As you may have guessed, this is a blog about baseball. Mostly baseball analytics, but also baseball books, history, and general baseball esoterica.
James Joyce once said of Ulysses, "I want to give a picture of Dublin so complete that if the city suddenly disappeared from the earth it could be reconstructed out of my book."
I'd say that's my goal for this blog when it comes to baseball.
Here is a brief list of my baseball credentials:
When I was 8 years old, I had a spiked mullet in an homage to my favorite player, Jose Canseco.
I started checking out the American League Red Book and the National League Green Book at my local library when I was 10.
When I was 14 years old, I won a competition sponsored by Upper Deck to see who could build the largest structure out of Upper Deck baseball cards. Each kid got paired with a former Major Leaguer. I lucked out and got paired with Bob Forsch who was ultra-competitive about the whole thing and together we built a 27-story card tower, winning me 6 boxes of 1998 Upper Deck baseball cards, which in 14-year-old-baseball-card-fan-adjusted-dollars was worth approximately $72 million.

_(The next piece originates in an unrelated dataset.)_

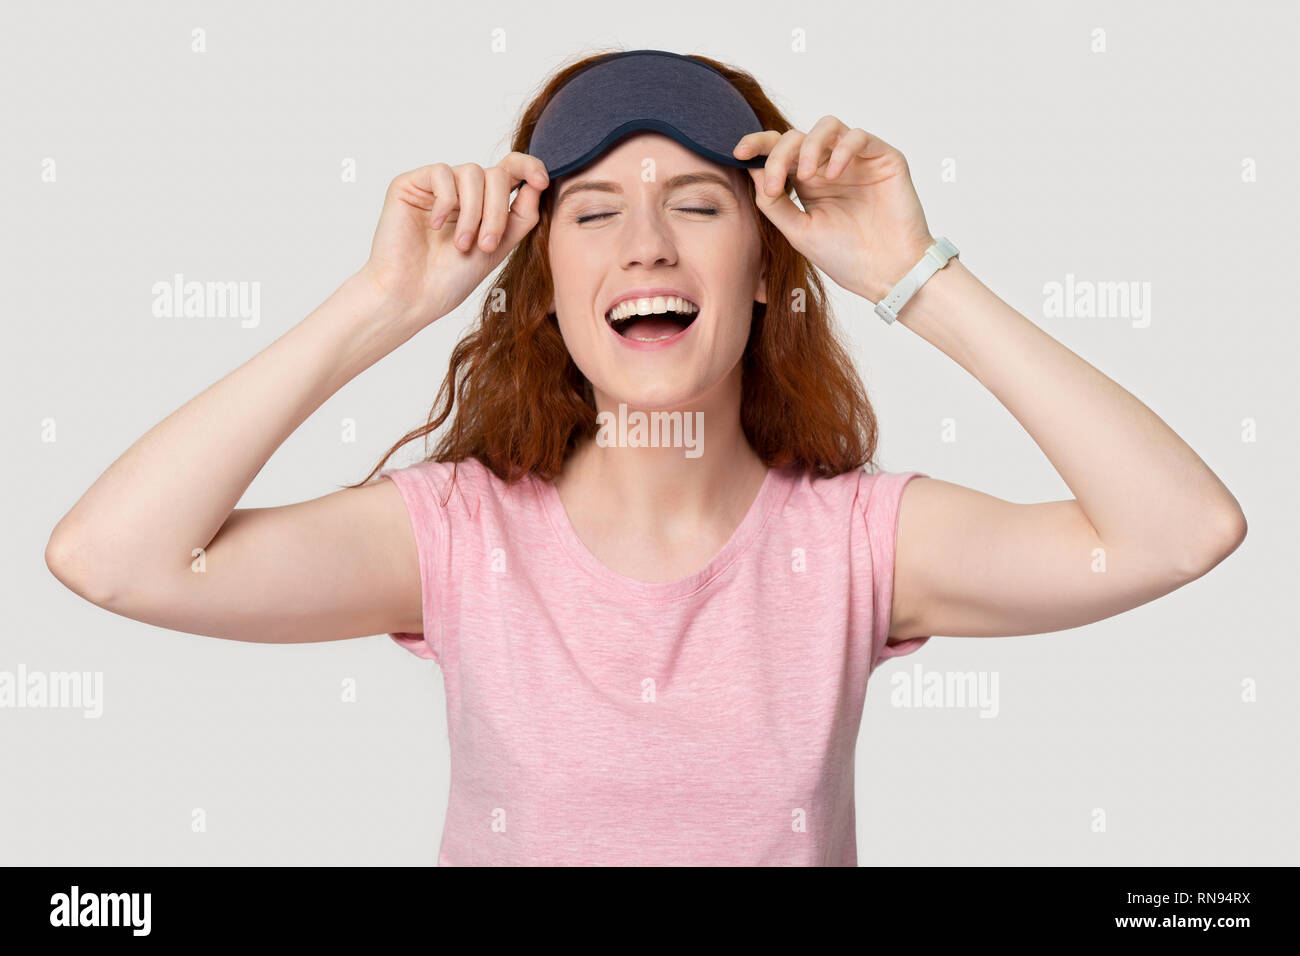 Happy funny red-haired woman laughing portant ce masque de sommeil Banque D'Images

In middle school, I wrote a short book evaluating the best player from each decade for a school project. From this point through my Master's degree, pretty much every "choose your own subject" school project was baseball-related.
I was a little league umpire for a few seasons in high school. I once had to call an 8-year-old out for leaving the field of play after peeing his pants. Sorry kid, rules are rules.
In high school baseball, a friend and I once tried to get practice cancelled by burying all of the team's baseballs in the long jump sand pit on the track. Surprisingly, this did not work.
When I was a senior in high school, I spent a good amount of AP Calculus class time writing a baseball simulation on my TI-83 calculator. I'm still pretty shaky on the chain rule for derivatives as a result.
I once gave a 10-minute presentation on how to keep score in a baseball game as part of a job interview at a tech company and somehow still got the job.
So you probably shouldn't trust much of what I say here. But hey, you're already here, so you might as well go ahead and look around.